Several times, in late 1997, we had given him a chance to let us go, but he had insisted that he could pay us. Even when he declared that he had no money to pay us, he thought that we would continue to work, for the sake of the students.

And he had the gall to deny paying us because we complained to the labour board.

In the end, he just wanted us to go away, quietly. But I stayed. I had made many connections while I worked for Kwon. Many of his adult students had remained loyal to their teacher, had found me work at the university, had kept me as a private teacher. In time, I put the thought of fighting Kwon out of my head. And when he did enter my thoughts, he was nothing but a failed businessman and a cheat, who had lost face—something that is devastating to a Korean.

And now Kwon was dying, would be gone forever. I didn’t hold any contempt for him: I pitied him.

“Mr. Kwon get more sick now. He in hospital.”

“I’m sorry to hear that. I was hoping that we would have a chance to meet.”

“Oh, Mr. Kwon want to see you. He tell me to take you to see him. Can you come tomorrow?”

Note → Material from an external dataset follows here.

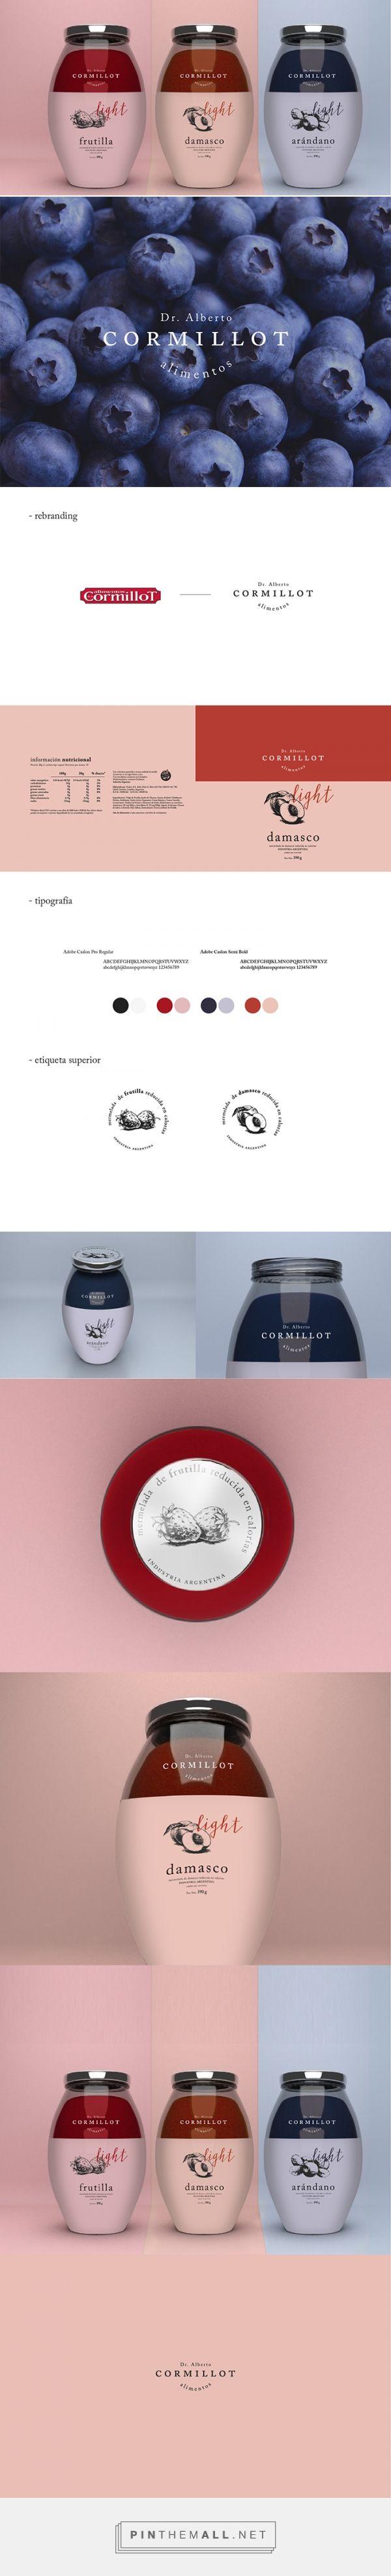 Rebranding Dr. Alberto Cormillot jam by Carmen Alicia González Figueroa. Source: Daily Package Design Inspiration. #SFields99 #packaging #design #inspiration #rebrand #jar #label #jam #preserves

I had no plans. I had returned to Chŏnju at Kwon’s request, through Brad and Wilma. The whole point in returning to Korea was to get some closure on this chapter of my past. Or was it that Kwon needed this closure? He seemed to need it more than I. “Yes, of course. Will you come with me?”

“Yes. I must teach in day but we can go after.”

“I want to ask one more favour of you, Su-ah shi. Can you please try to locate Mr. Lee? I’d very much like to see him, if he’s available. I don’t know if I’ll ever return to Korea after this trip.”

“Yes, I try.”

Kwon might want to lay his guilt to rest, might need this closure. But for me, I needed some closure with Hyo Lee. I never got to say farewell. He had paid me for two months worth of lessons but never attended a single one. He had helped Tanya and I move when the hagwon came to a sudden closure. He had acted as a friend, not just a student.

To see him would make this trip truly worthwhile.